How does one “infect” places beyond institutions—like, say, art fairs?
Art fairs are not completely futile. When I was at Art Basel this year, there was a question at the end of our panel [about climate change and the art world] asking what the point of it was. My instinctive reaction at the time was to say, “If there is anyone here who has any money or power, you’ve heard the message. Now, go off and do it.”
I feel like this is important: The context of an art fair can become strategic. I’ve been in an art institution for most of my professional life, and I am a firm believer in doing things from the inside. As cultural producers, we have a lot more agency than we may realize. One of those agencies is to be quite close to people who are very close to decision-making power on a grander scale.

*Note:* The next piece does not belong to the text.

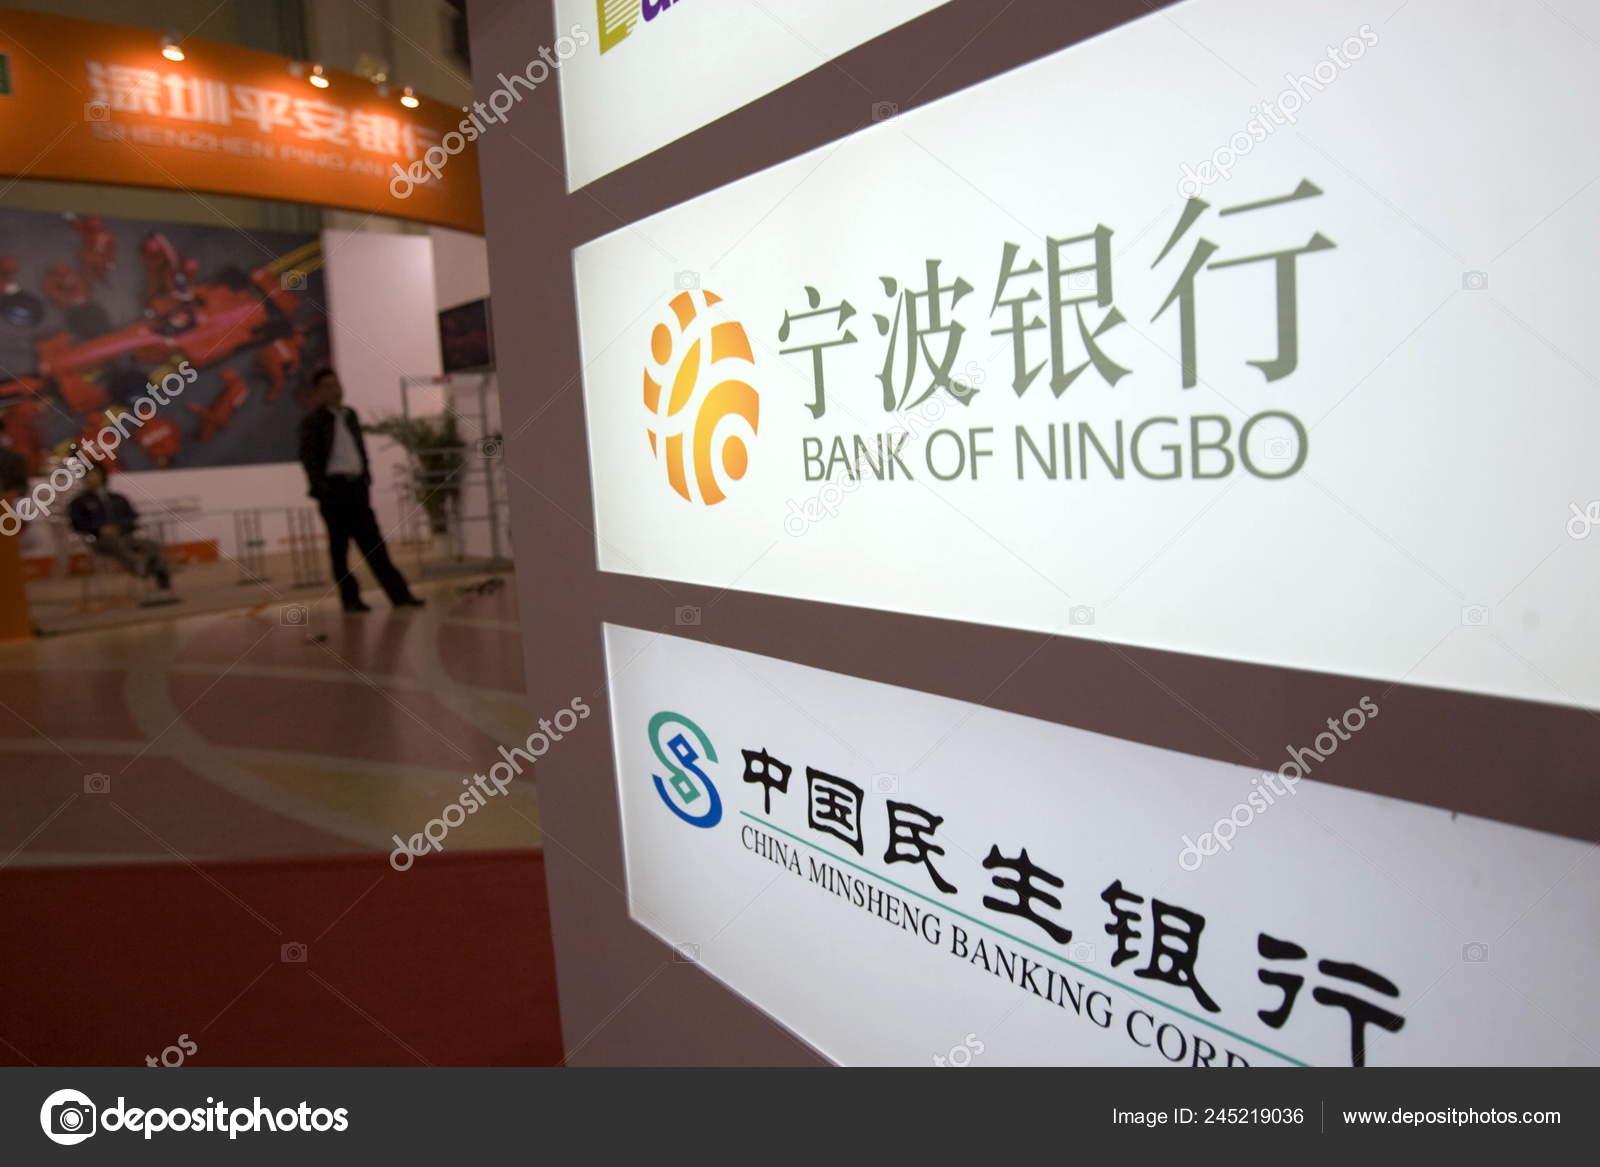 Design Bank Cor.Signboards Bank Ningbo Top China Minsheng Banking Corp Ltd Seen

And, after all, you and I are talking now because we met in Basel, aren’t we? This is an effect of the fair.
Where does the ecological intersect with the way in which institutions need to engender considerations of class, gender, race, and representation?
I feel we need a different approach to ecological questions and questions around representation. The issue of representation has a strong infrastructural component due to the identity of the workers in the institution. Unfortunately, a tree is never going to be a curator, and so we need to address the ecological somewhere else in the infrastructure, in terms of, say, greening institutions themselves.
And while it’s easy to change your program, it takes more than that to become less representative of one kind of experience: the global north, male, white, and straight experience. Unless you keep in mind that the infrastructure itself needs to change in relation to those aspects, then you risk it being just a “moment.”
The effects of climate change are unequally distributed on a planetary scale; the climate targets are established on the notion of that global north being protected from climate disaster. It’s not for me to be the representative of this conversation. To consider these representational and ecological concerns in tandem is where the real challenge begins.